The solution is "not one single thing - it's a whole mix. You have to have a whole mix of programs, all of which have to contribute."
"All of our work in energy is on clean energy, and all of it's growing," says Taylor.
Coal Powering China's Economy
Coal contributes 30 percent of the world's CO2 emissions and is China's most abundant energy resource, supplying about 62 percent of the country's energy needs in 2004, according to the International Energy Agency. While per capita energy use in China remains much lower than in Europe or the United States, China has become the second biggest energy consumer in the world. Its share of new CO2 emissions is expected to rise to 40 percent of the world's total by 2030 if measures are not taken to reduce them.
In 2005, the Chinese government set an ambitious goal of reducing energy usage per unit of GDP by 20 percent between 2006 and 2010. The 20 percent "is a very tough target to make," observes Bob Taylor, World Bank Lead Energy Specialist for East Asia. Indeed, Chinese Premier Wen Jiabao said last year that China's per-unit-GDP energy consumption only fell 1.23 percent in 2006, well short of the projected target of 4 percent.
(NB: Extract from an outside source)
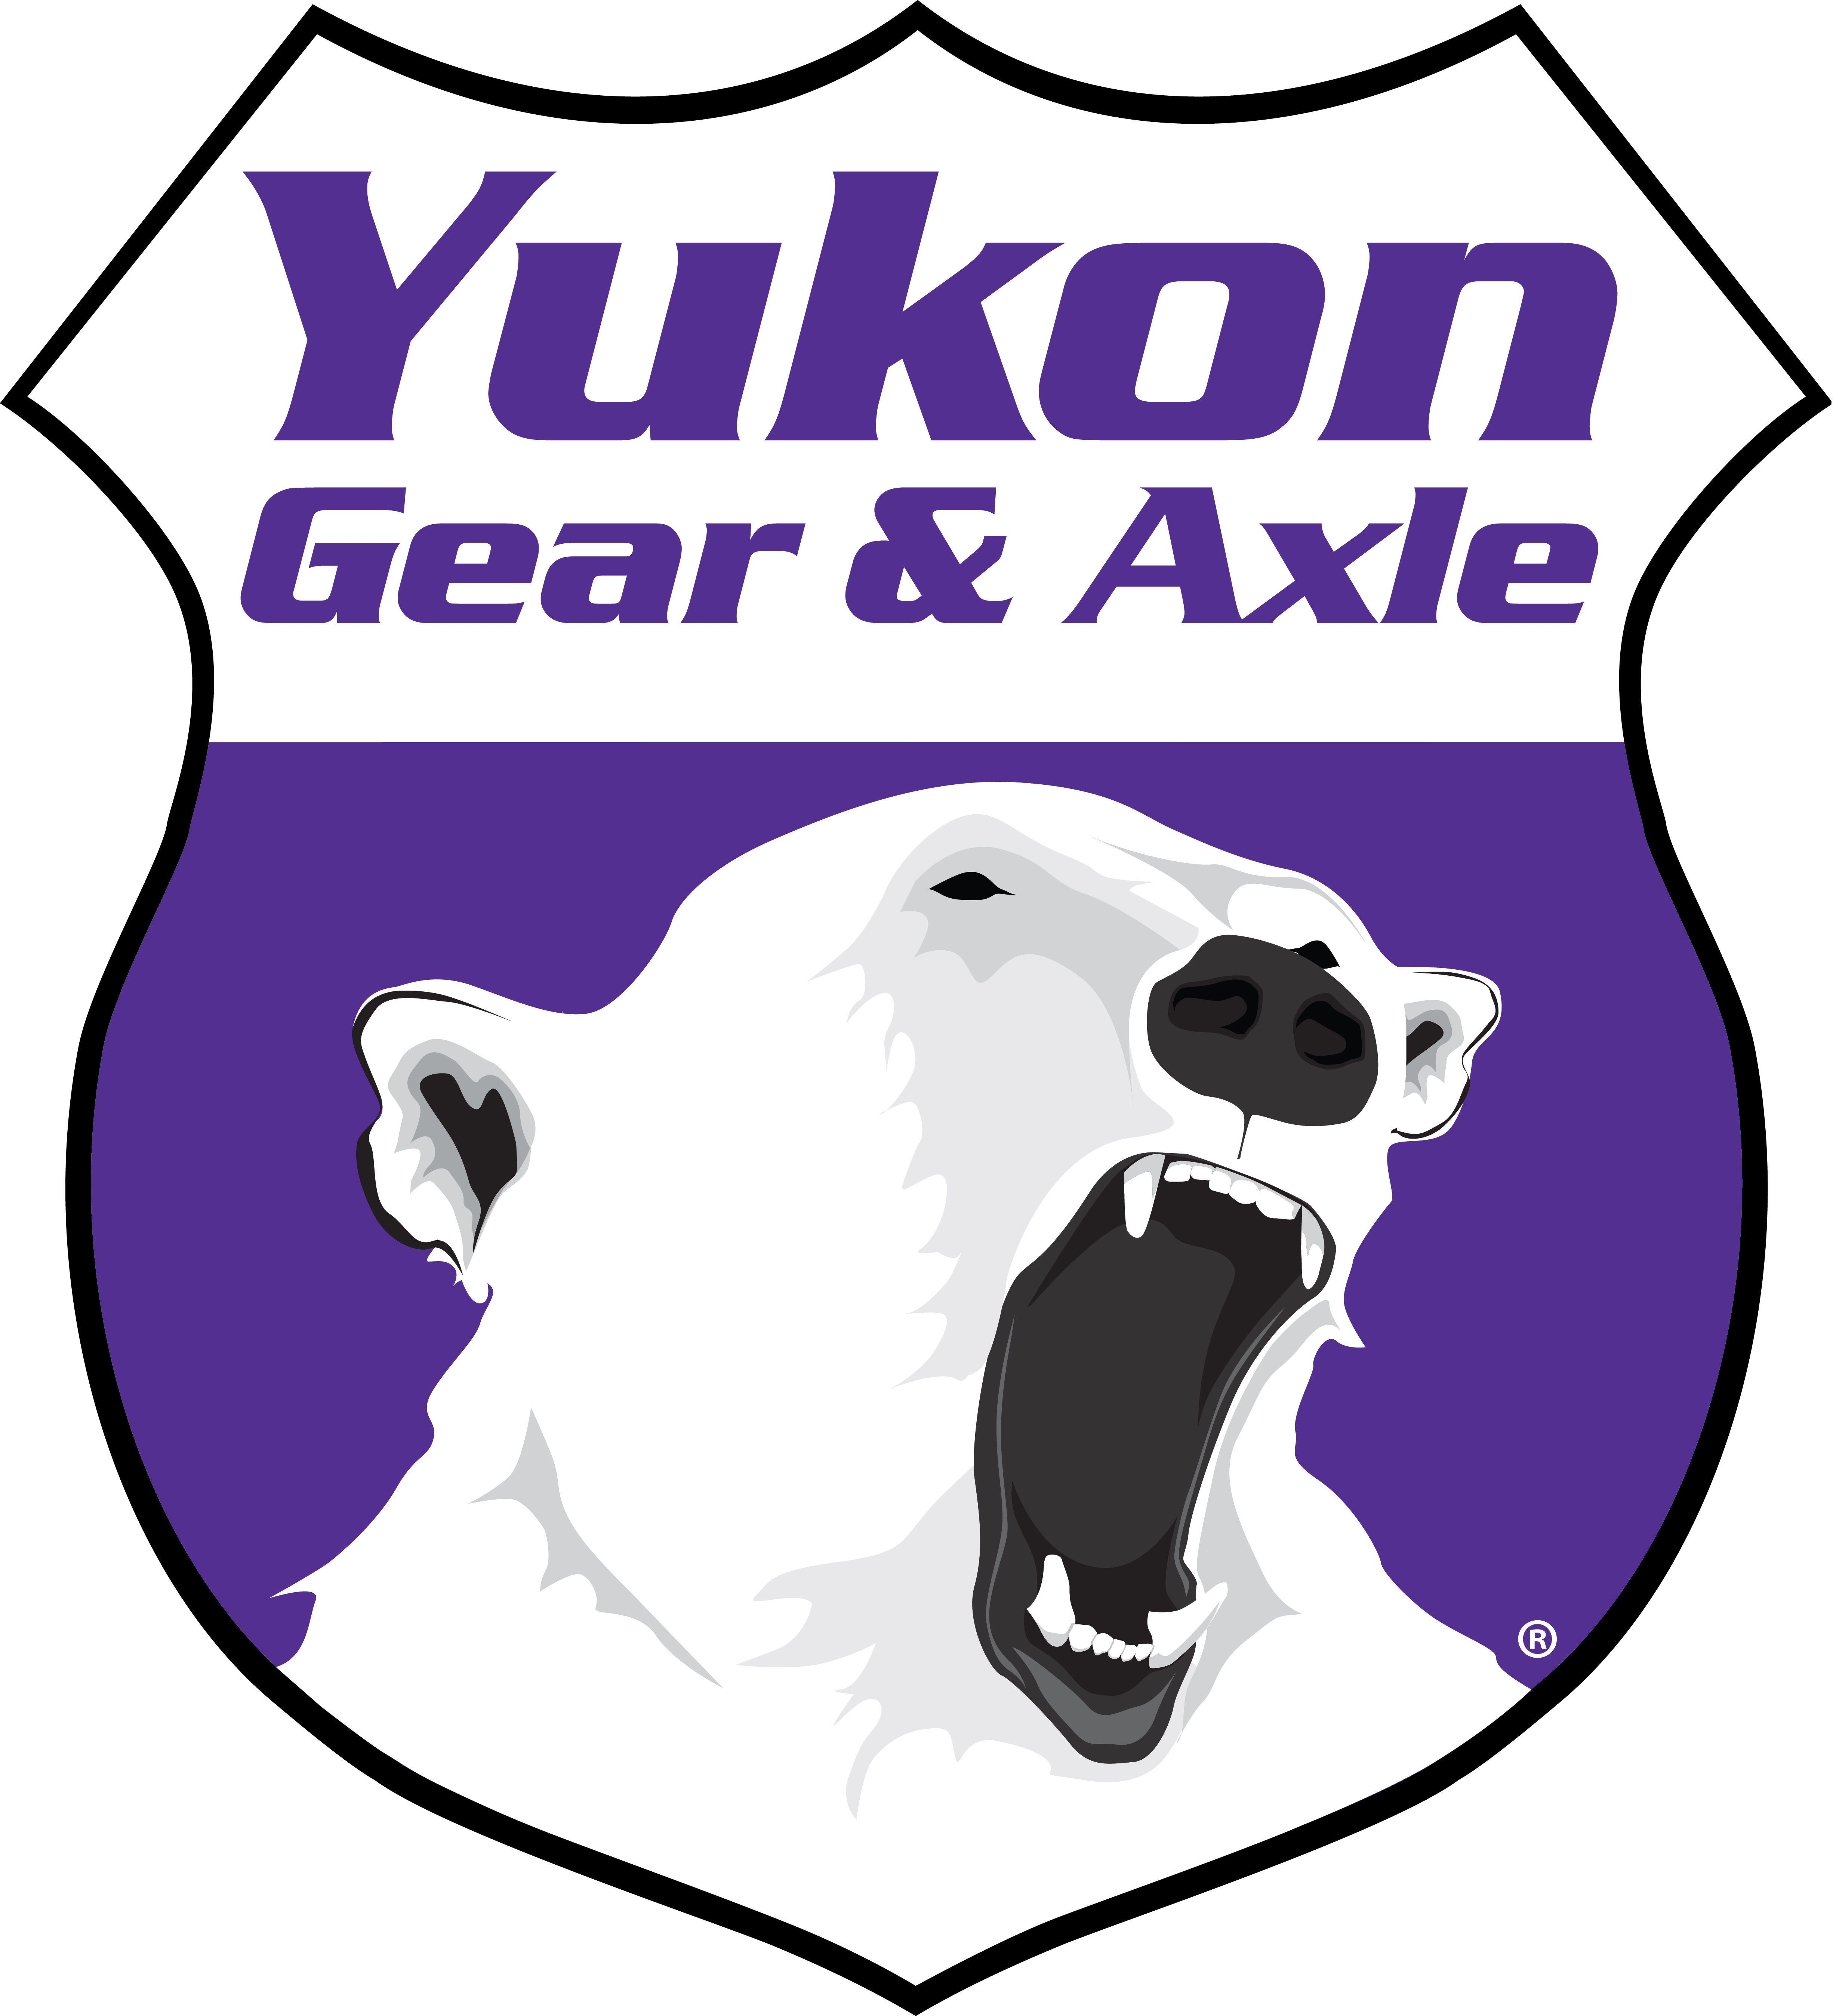 Yukon performance front driveshaft, 2018+ Wrangler JL Sport, Heavy Duty 1310 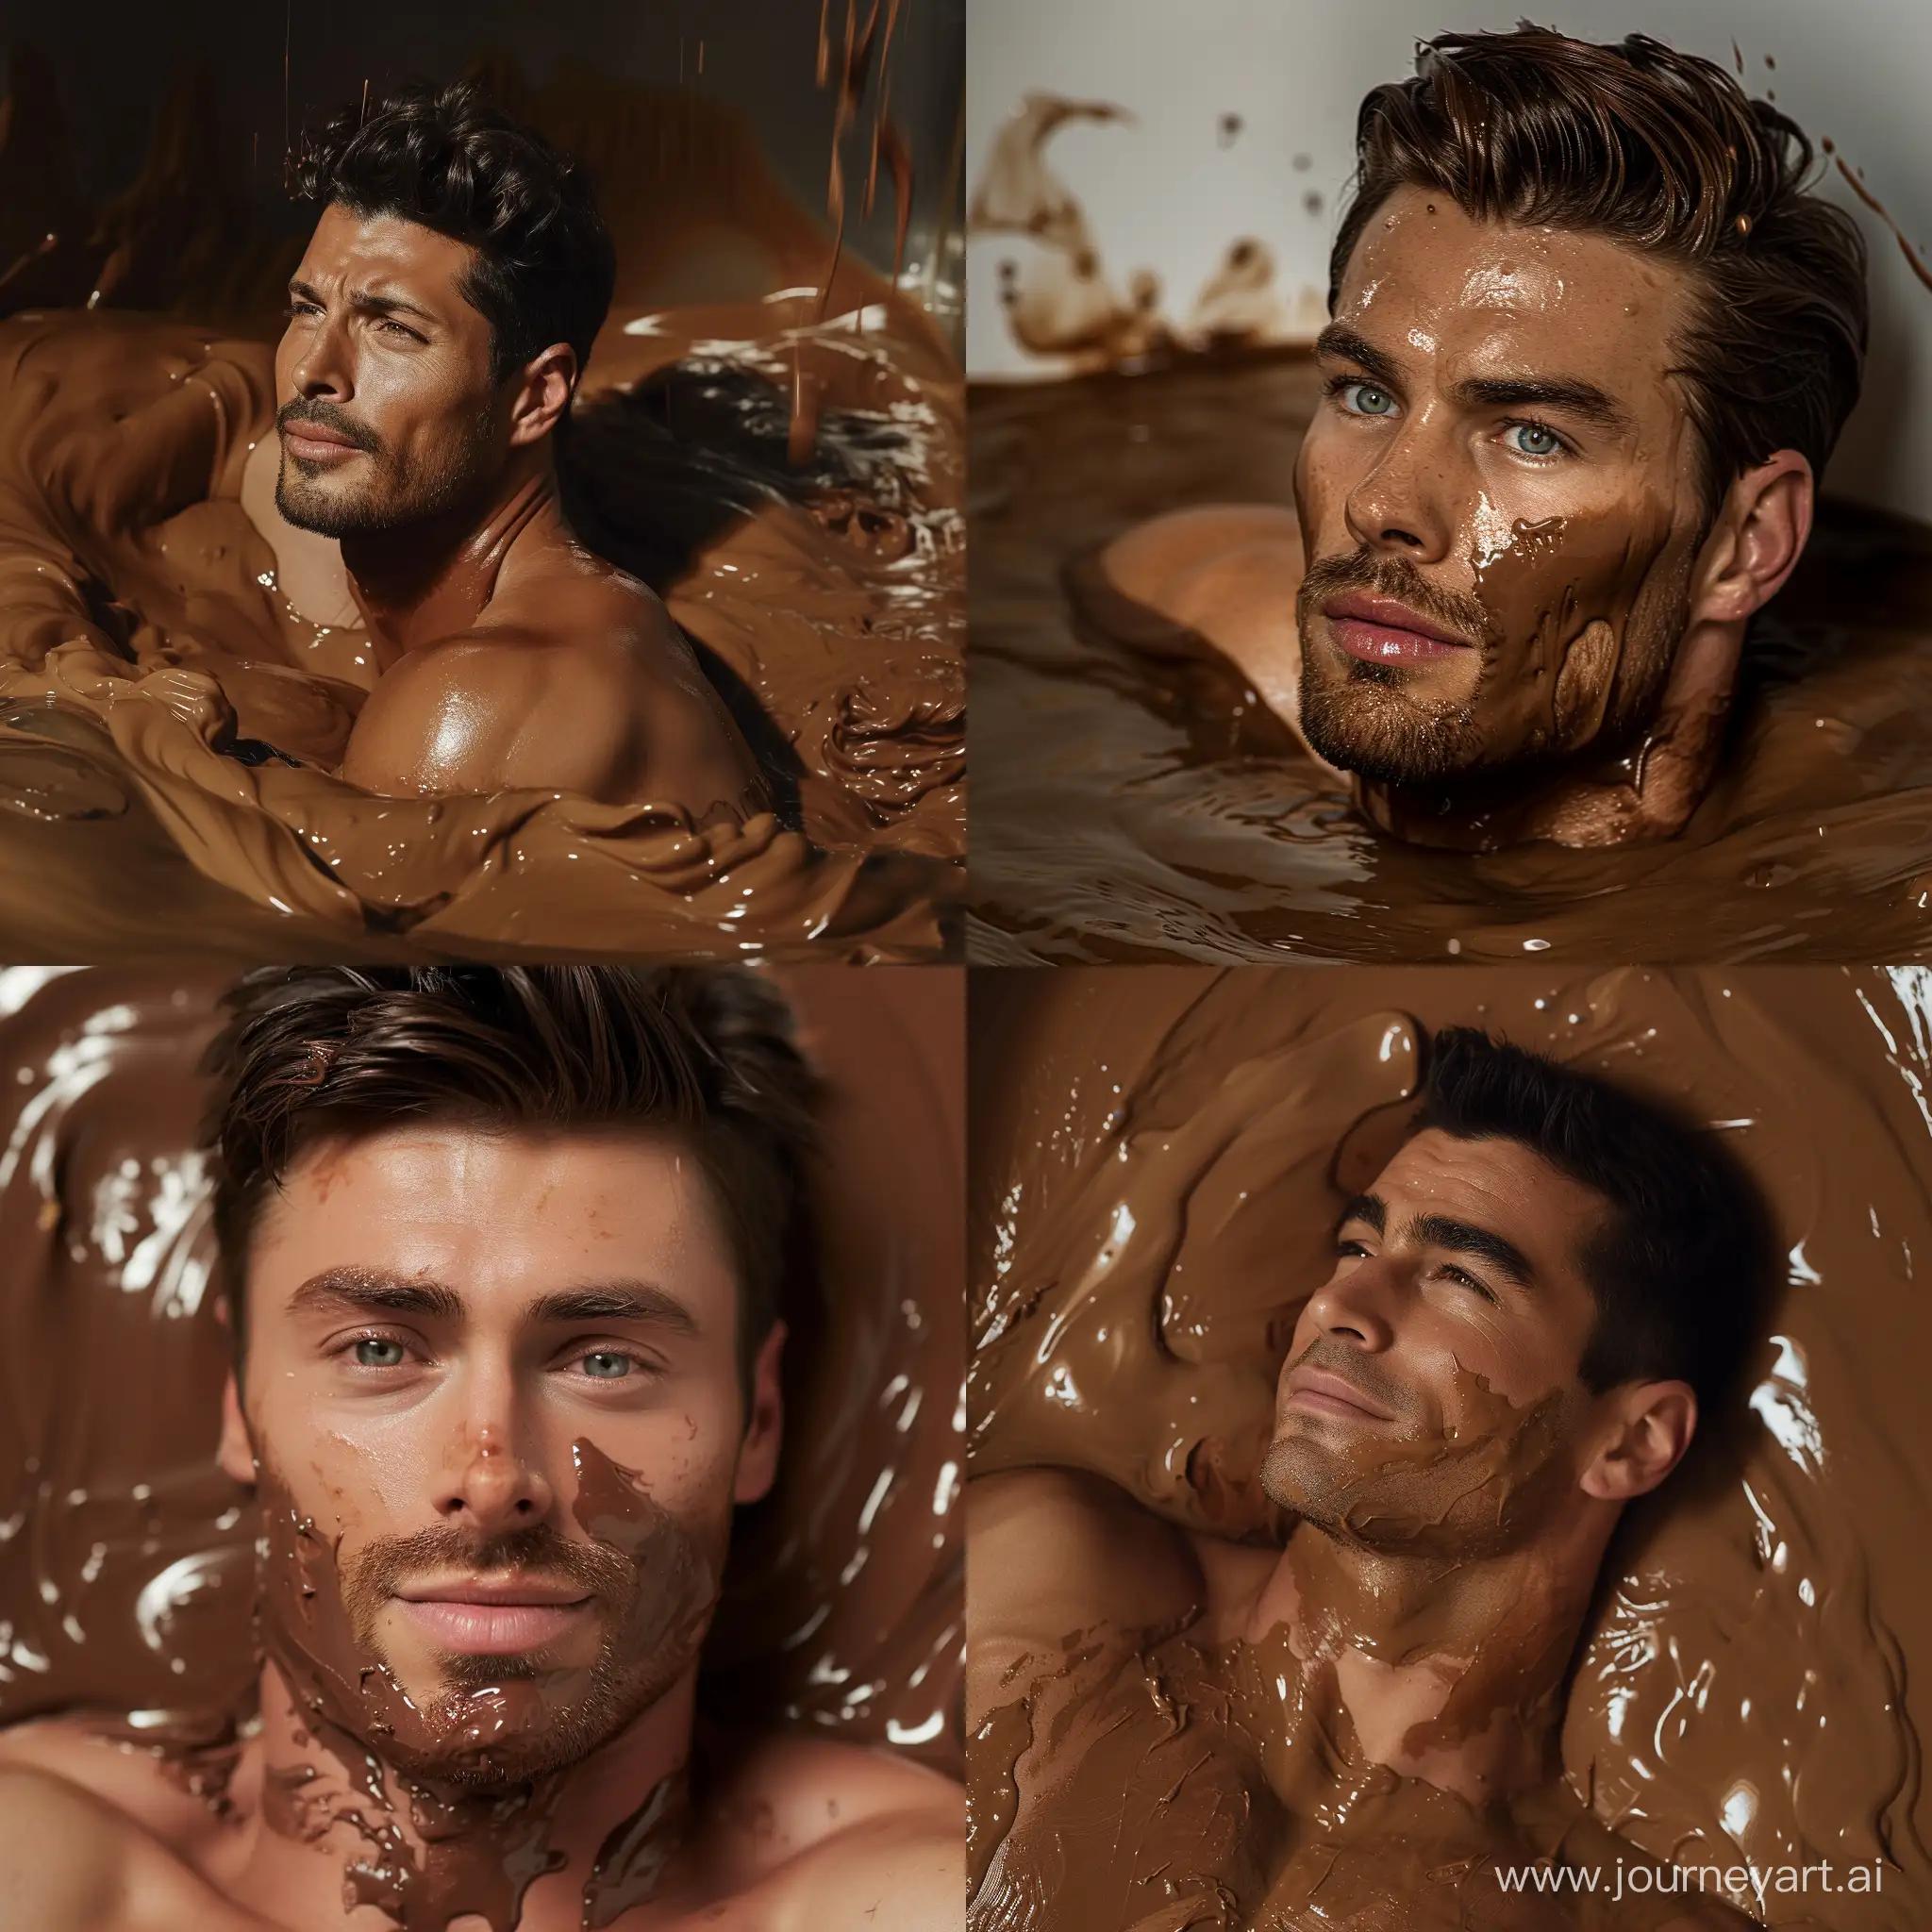 Charming-Man-Enjoying-a-Luxurious-Chocolate-Bath

But Taylor, who has worked on World Bank-China energy projects for 25 years, says "the level of commitment is very high - I have never seen energy conservation pushed so hard in any country, from the highest level all the way through the system. China's leaders have a good understanding that the country cannot continue growing very fast and consume resources at the same efficiency it has thus far. You can see very quickly there's not enough energy in the world to support that."